*Data shown*.
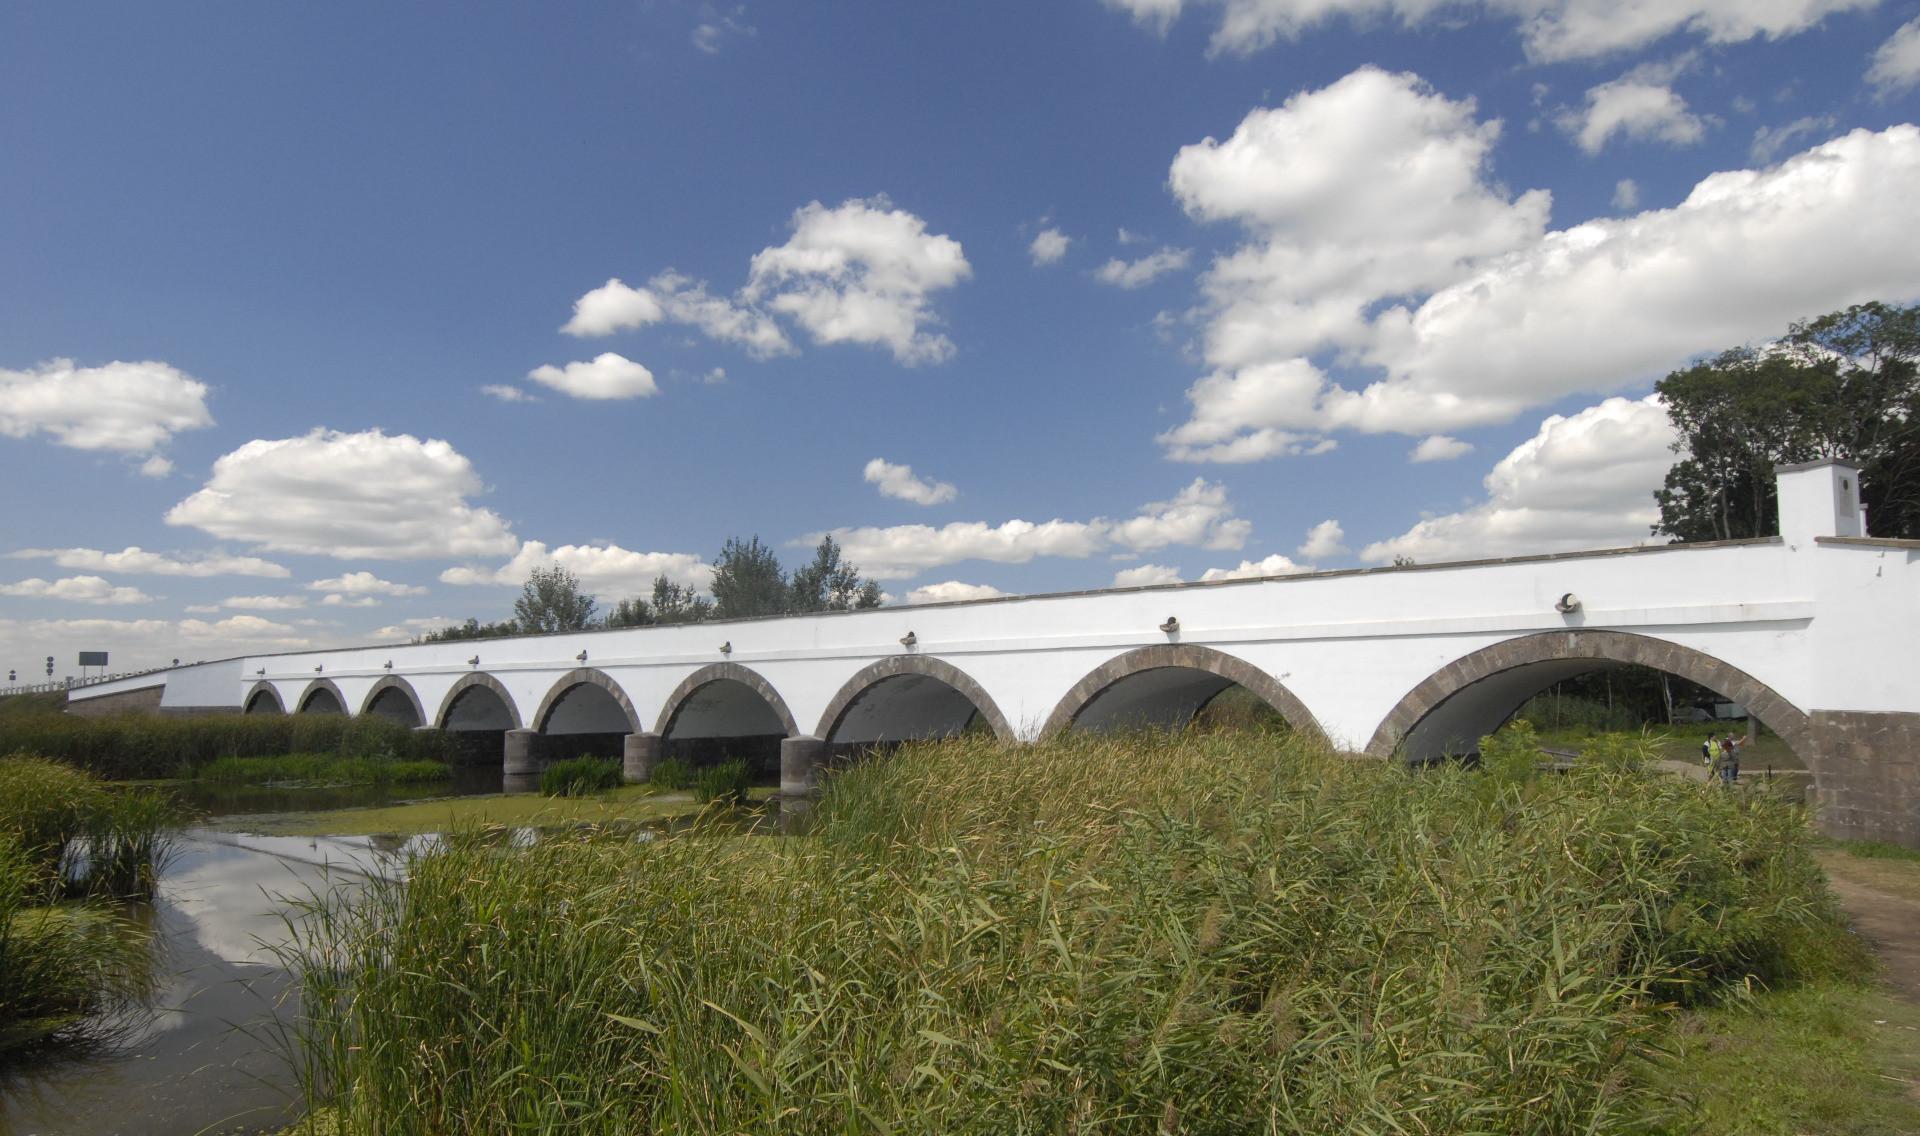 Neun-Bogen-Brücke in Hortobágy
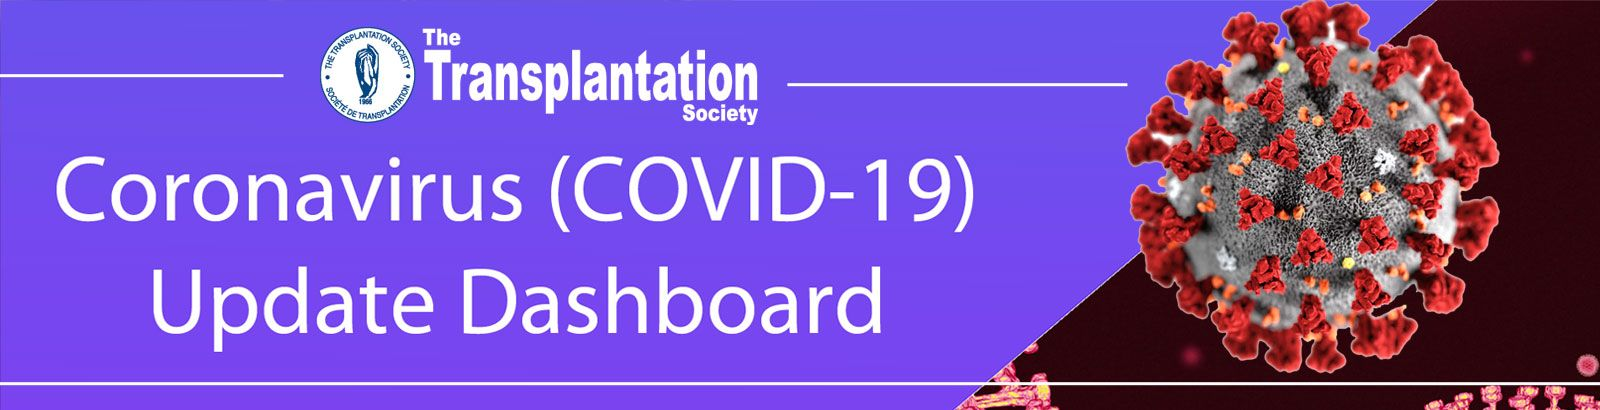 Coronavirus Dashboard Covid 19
---
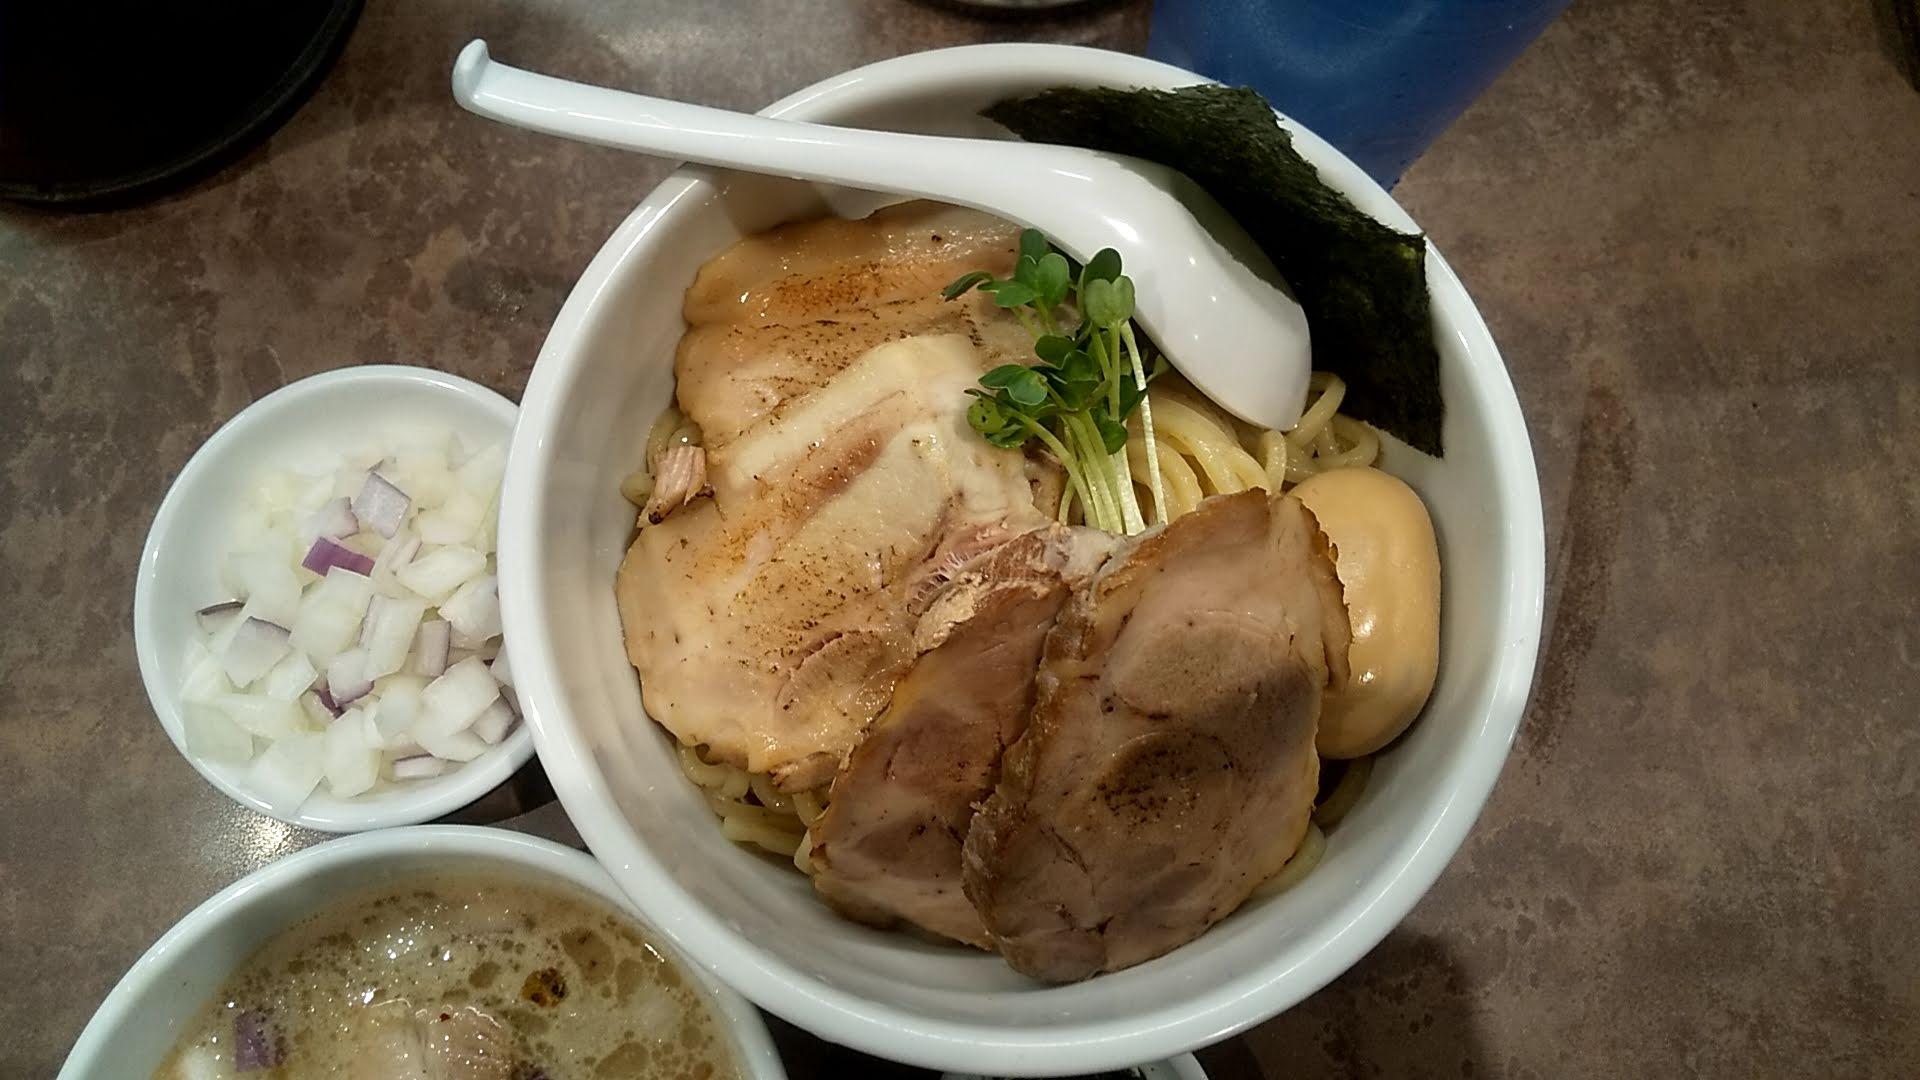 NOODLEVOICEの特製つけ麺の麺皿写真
---
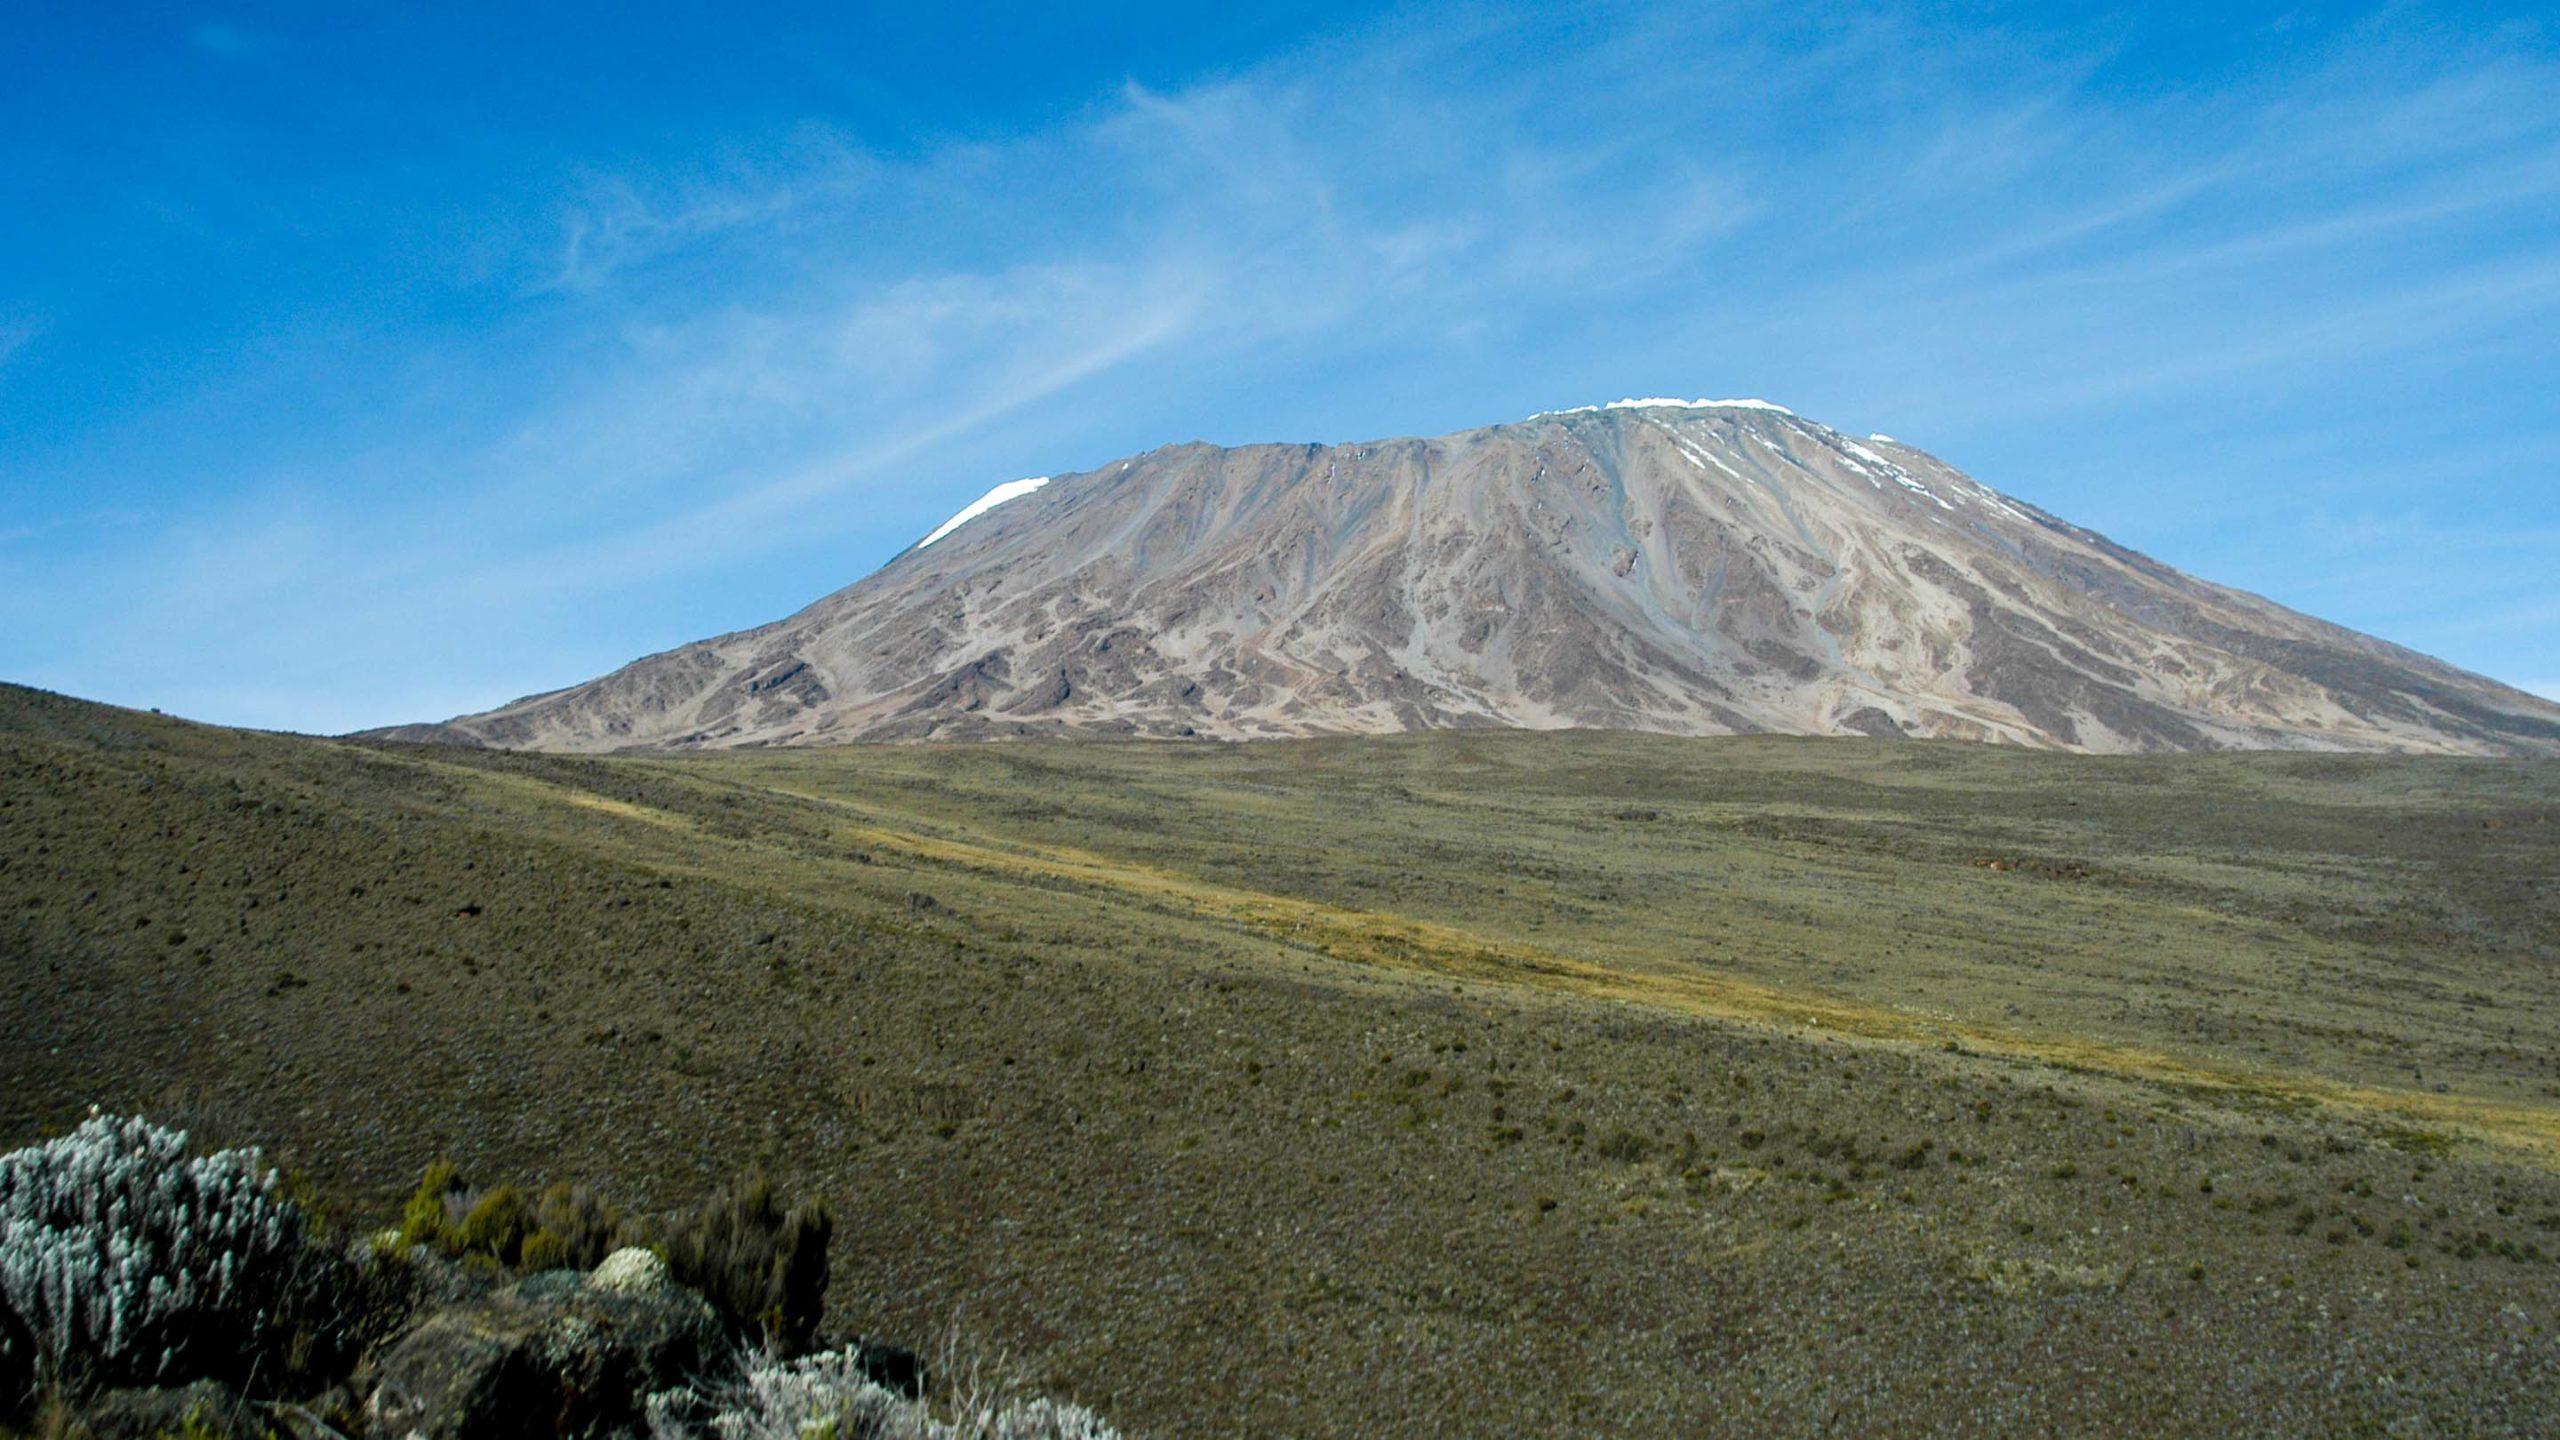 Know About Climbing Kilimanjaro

*The task*.
Every line above from the one with "Neun-Bogen-Brücke in Hortobágy" down to the one with "Coronavirus Dashboard Covid 19" must be written out exactly, and no picture may appear.

*Answer box*.
 Neun-Bogen-Brücke in Hortobágy
 Coronavirus Dashboard Covid 19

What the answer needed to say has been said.